But after his message, a lady asked us to get together in groups of four and share what God had told us.

Oh dear.

I slipped out along with a number of others.

Earlier, during Morning Prayer, I finally rebelled against TEC 1979 Rite II by firmly saying Jesus descended into Hell (not just “to the dead”) during the Apostles Creed. I think I need to start praying for the extinction of Rite II in ACNA.

During Morning Prayer, David+ Short gave a good message from Acts 5. When he phrased the apostles situation before the Sanhedrin in ways that obviously paralleled the travails of many who have left The Episcopal Church for ACNA, there was not a little laughter.

Beforehand, one bold gentleman took my “Kiss me; I’m Anglican” t-shirt literally. I’m thankful this is not TEC General Convention. (Now I need to hover around some hot Anglican women.)

If you are looking for me today at ACNA . . .

I’ll be wearing a red t-shirt that says, “Kiss me; I’m Anglican” and a black cap. Hard to miss.

And remember I have free copies of my book God Knows What It’s Like to Be a Teenager in my pick-up for those who want them.

Monday, June 22, 2009

ACNA First Day Afterthoughts

I’m more than a little tired, and this post will probably show it. But I want to post some thoughts on this momentous day.

It was indeed a great day for North American Anglicanism. It is official – we are the Anglican Church in North America. I have been praying for this for years. And thanks be to God for how He answers prayer!

It has not completely sunk in that this is for real, however. Part of that is that I am tired, and part of it is when a dream comes true, it is sometimes hard to believe it is no longer just a dream.

Kudos again to St. Vincent’s Cathedral. Bishop Iker’s men showed ACNA how to worship! The Eucharist today was a glorious and meet start to a momentous afternoon.

And kudos to Bishop Duncan for his leadership of the first session, which passed the Constitution. His unhurried style had me concerned for a while. But I already see he has a gift for working graciously with people, whether they be individuals or an assembly.

He honestly let the assembly know how he wanted to proceed. But he did so in a way that was fair to any opposition. He made it clear that if things did not go his way, he could deal with that; the world wouldn’t come to an end. If ACNA had to go back and do some things over, that was o. k.

And his low key manner of chairing the assembly worked wonders. As I live-blogged, I was surprised how effortlessly the Constitution passed.

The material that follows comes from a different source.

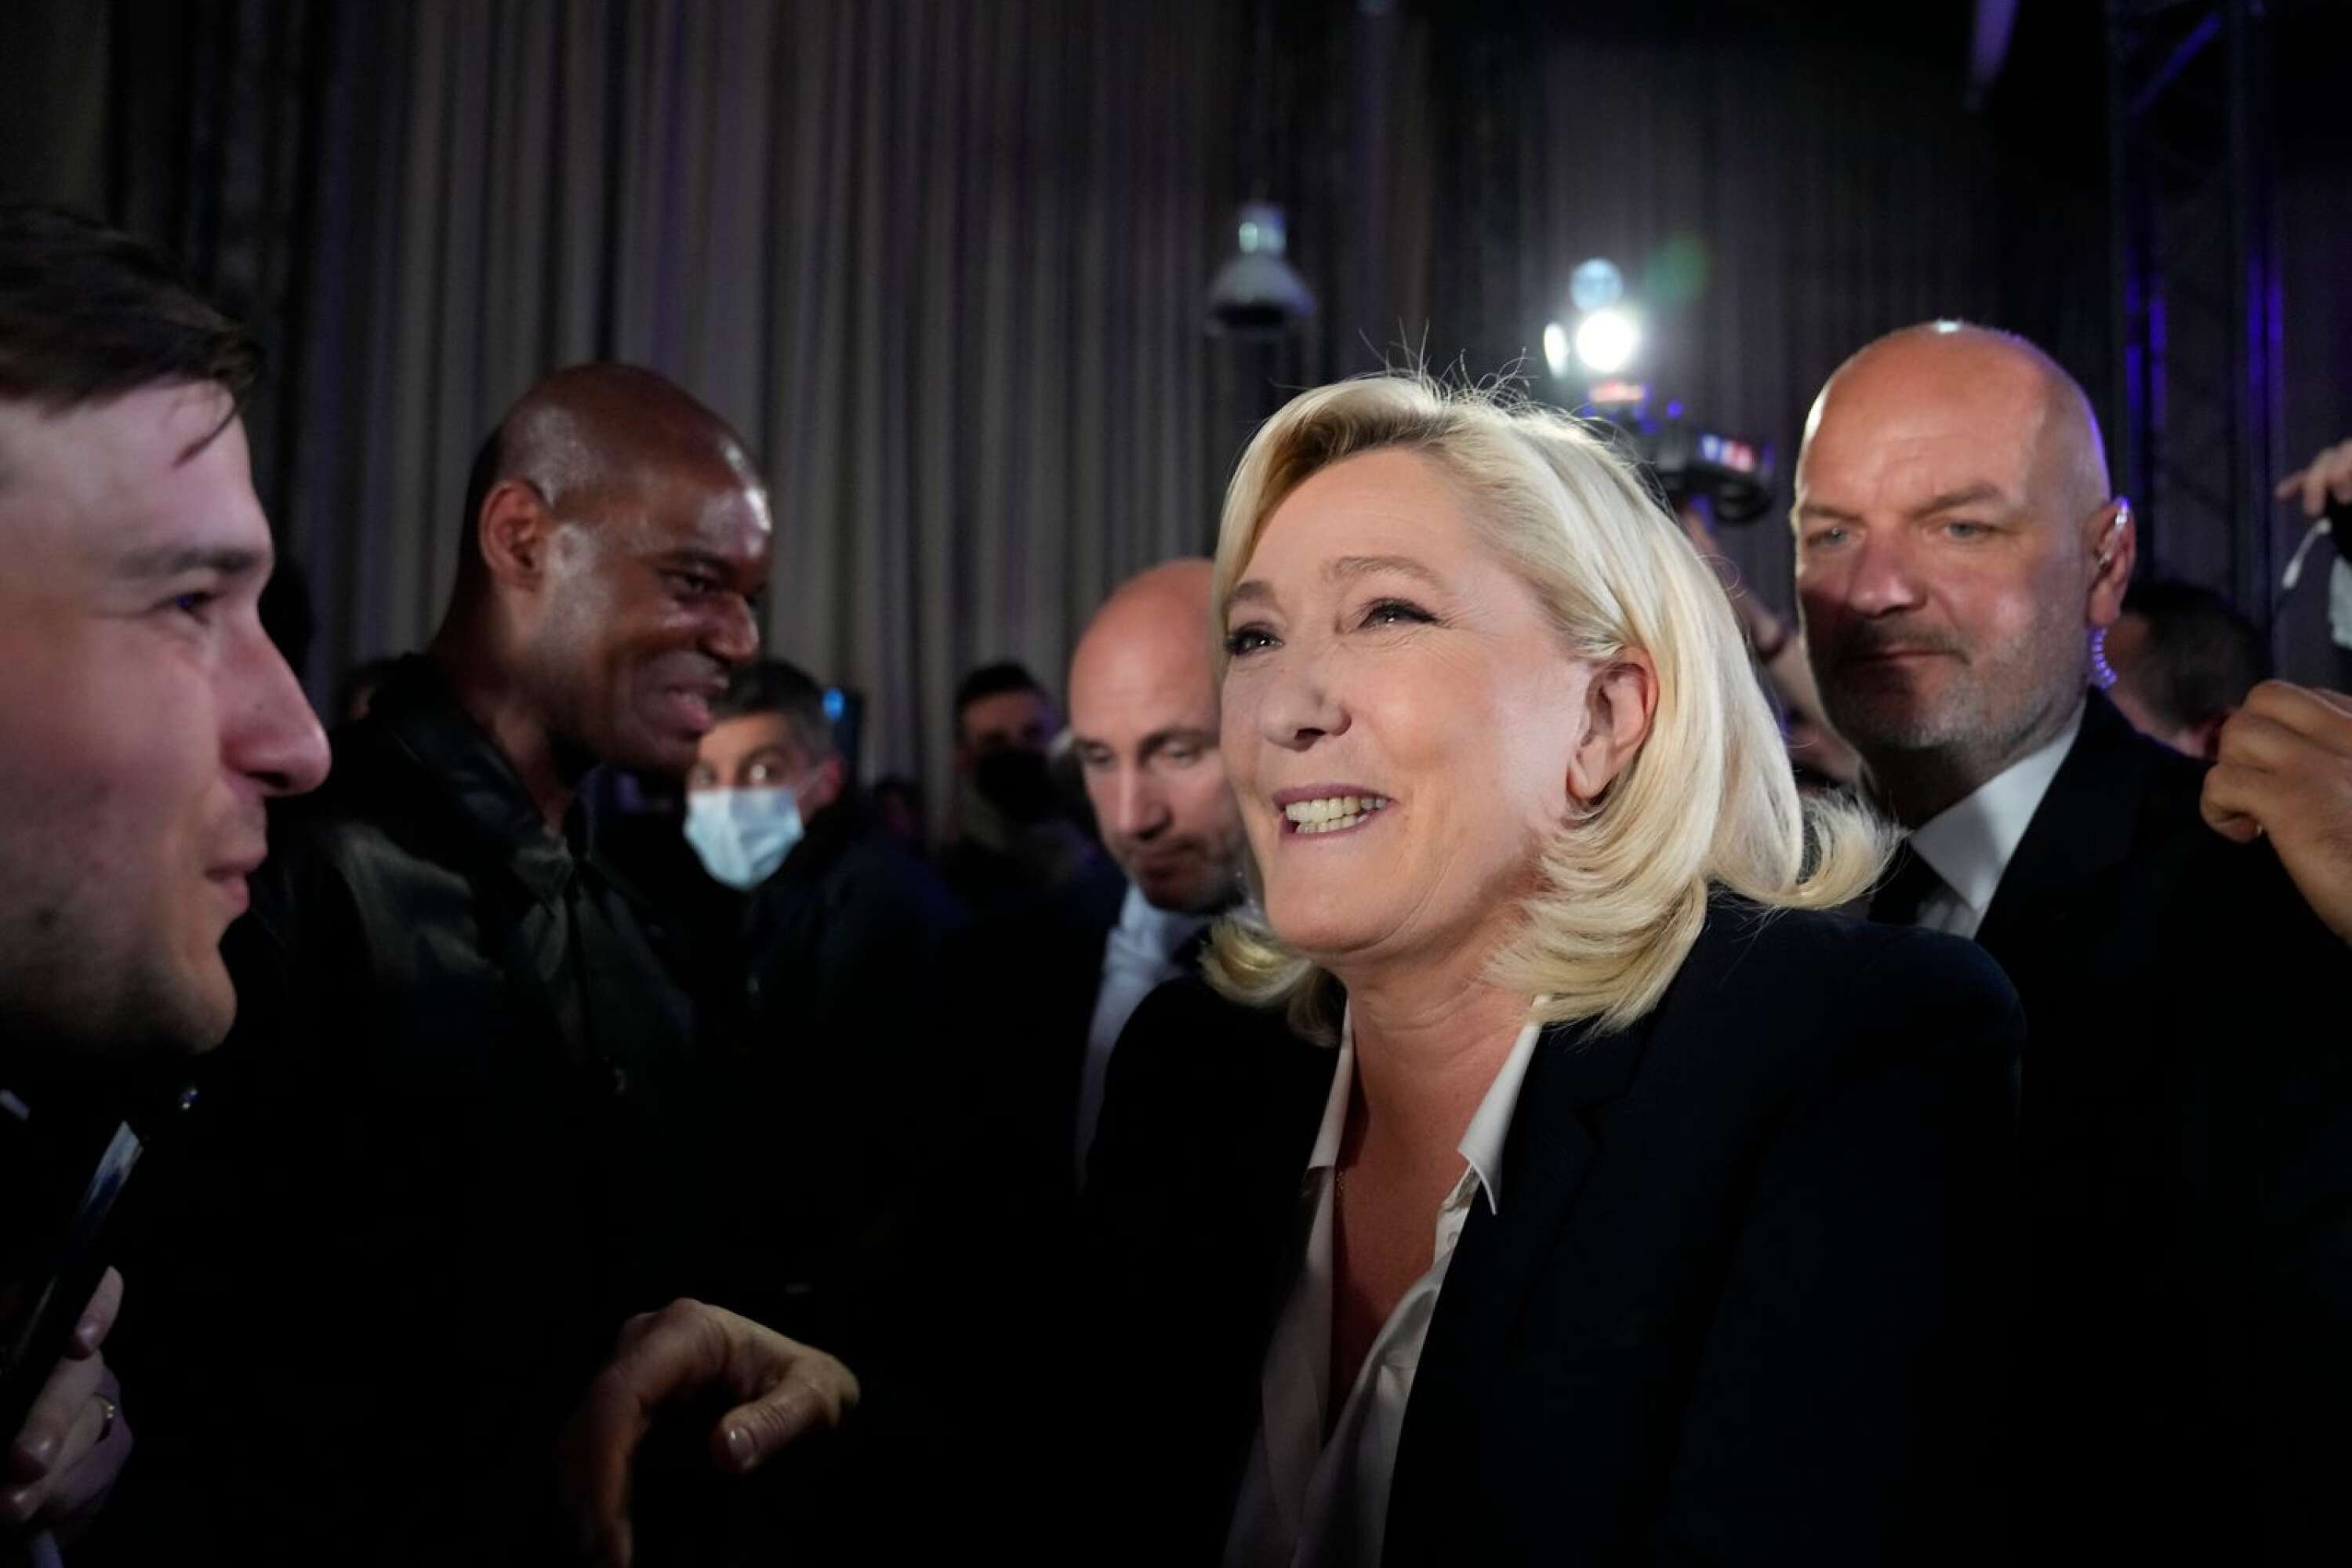 Marine Le Pen utmanar Emmanuel Macron om presidentposten i den avgörande andra omgången den 24 april.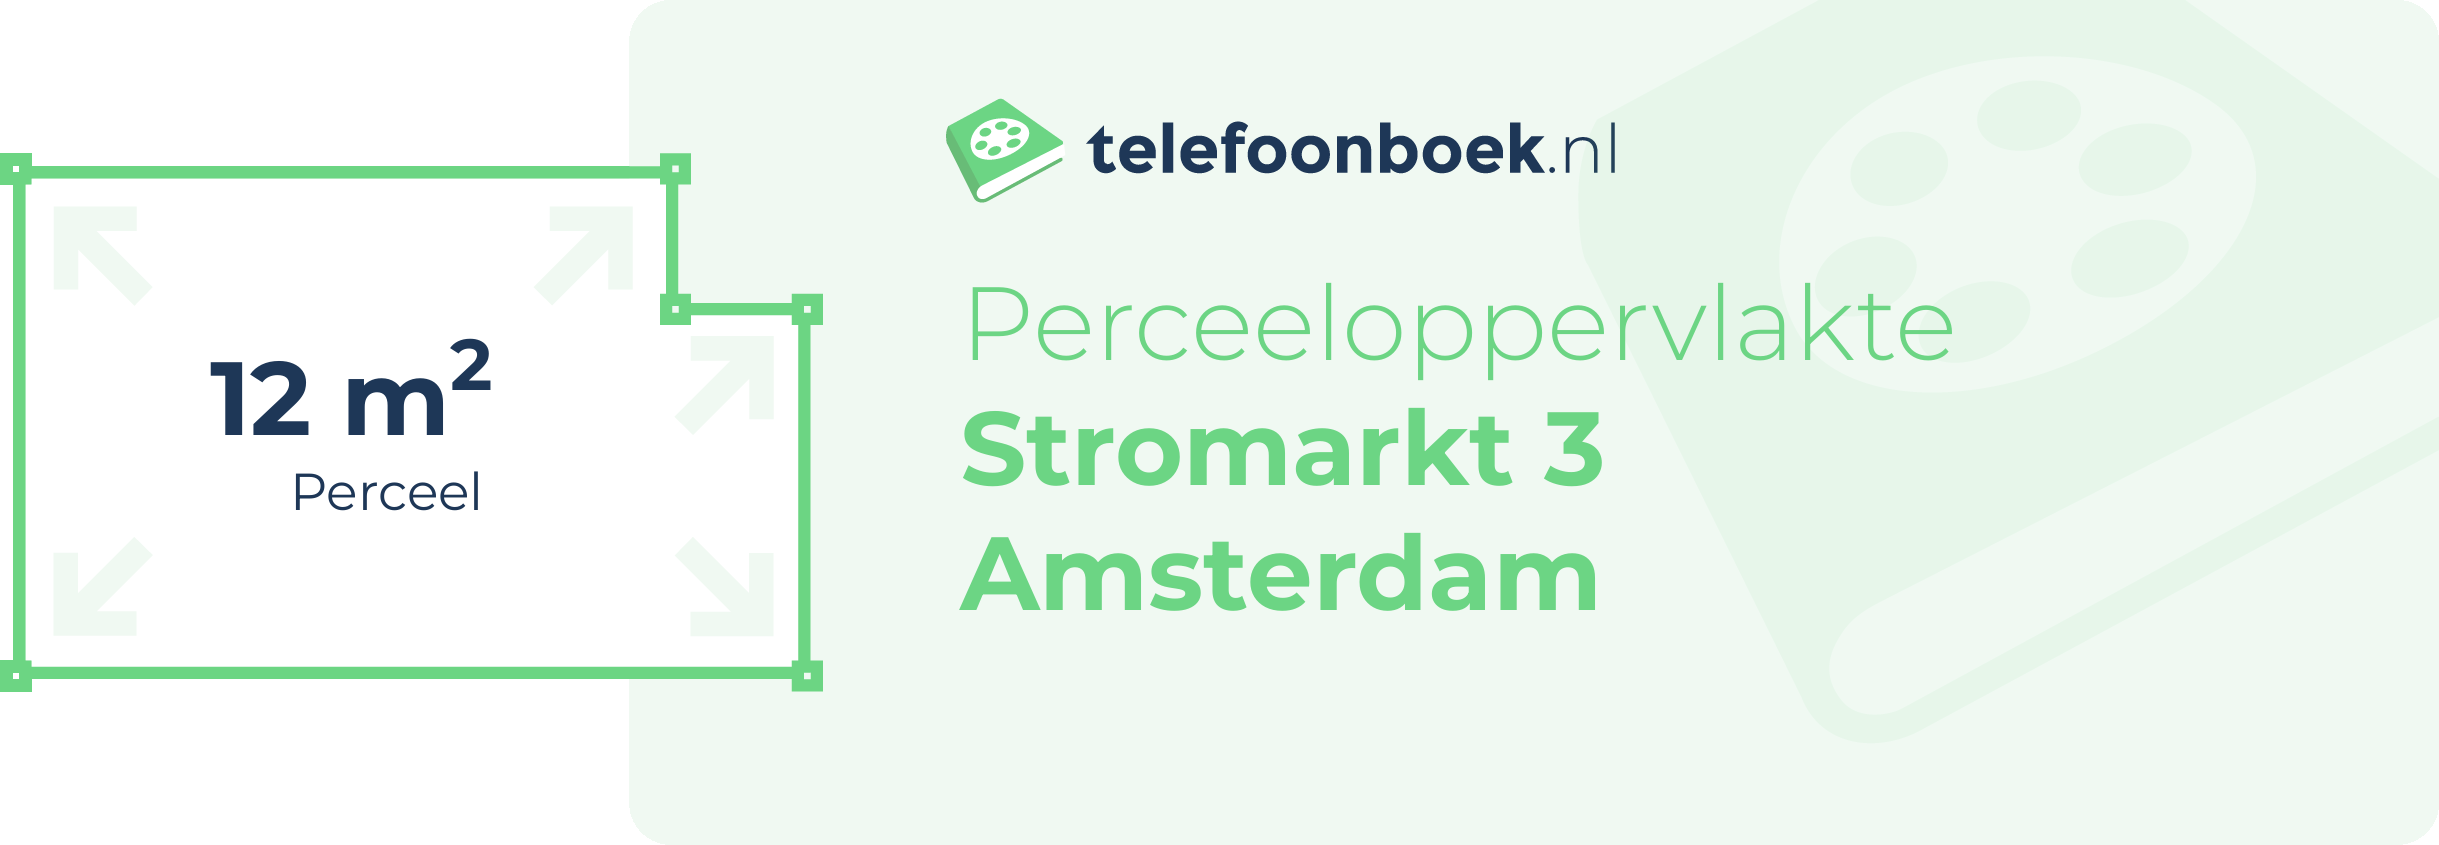 Perceeloppervlakte Stromarkt 3 Amsterdam

So with God’s help, we now we have a new united church with a new Constitution with a minimum of hard feelings and a LOT of rejoicing . . . not bad for us Anglicans, not bad at all.

Today was a good day.

(edit: I just now see I spelled it "ANCA" in the title. I told you I was tired! Off to bed with me!)

ACNA Assembly, First Session UPDATED

Bishop Duncan began the session with prayer at 2:45 then read the very appropriate Gospel from yesterday, Mark 4:35-41.

+Duncan made a number of introductions including ++Rowan’s Pastoral Visitor, the Rt. Rev'd Santosh Marray, retired bishop of the Seychelles (2005-2008).

+Duncan, who is the chair, is proceeding rather slowly. I hope that doesn’t result in problems later. The Assembly does have a Constitution to debate and decide on, after all.

Now, there is a “mission minute.” I question how appropriate that is at this moment. If saying that makes me sound hard-hearted, then so be it. There is rather important business at hand. Again, I hope my concerns prove unfounded.

Almost as soon as I posted my concern, +Duncan turned to the subject of the Constitution. I’m glad to see that. He is now urging the delegates to avoid “the patterns of Egypt” after leaving Egypt, e. g. not do things as the Episcopal Church does. He wants most of the work done beforehand by smaller groups, then ratified or rejected by the Assembly. He said waiting another year is fine, but that trying to perfect the Constitution in assembly ala TEC General Convention is not the way to go.

The Preamble is now under consideration. Christopher Cantrell urges striking the “grieved” clause. A delegate, I think from Pittsburgh, agrees, says we should look to the future. A delegate from the American Anglican Council urges the clause stays in.

It appears there may be some “perfecting” whether +Duncan wants it or not. And now a delegate urges we go back to adopting, section by section (i.e. not clause by clause). Things getting more complicated already.

+Duncan notes no one has objected to “In the Name of God, the Father, the Son and the Holy Spirit“ evoking great mirth.

Preamble, apart from disputed paragraphs, just approved without objection. (Duncan suggested doing that first.) Now those paragraphs are under discussion. But +Duncan asks for a preliminary show of hands, and clearly most approve keeping the paragraphs. And those are passed overwhelmingly by voice vote.

+Duncan did a good job of moving that along, while being fair to delegates.

On to Article I . . .

And Article I is adopted with little discussion. Article II adopted faster than I can type. +Duncan is not rushing. There is just very little, if any opposition. Encouraging so far.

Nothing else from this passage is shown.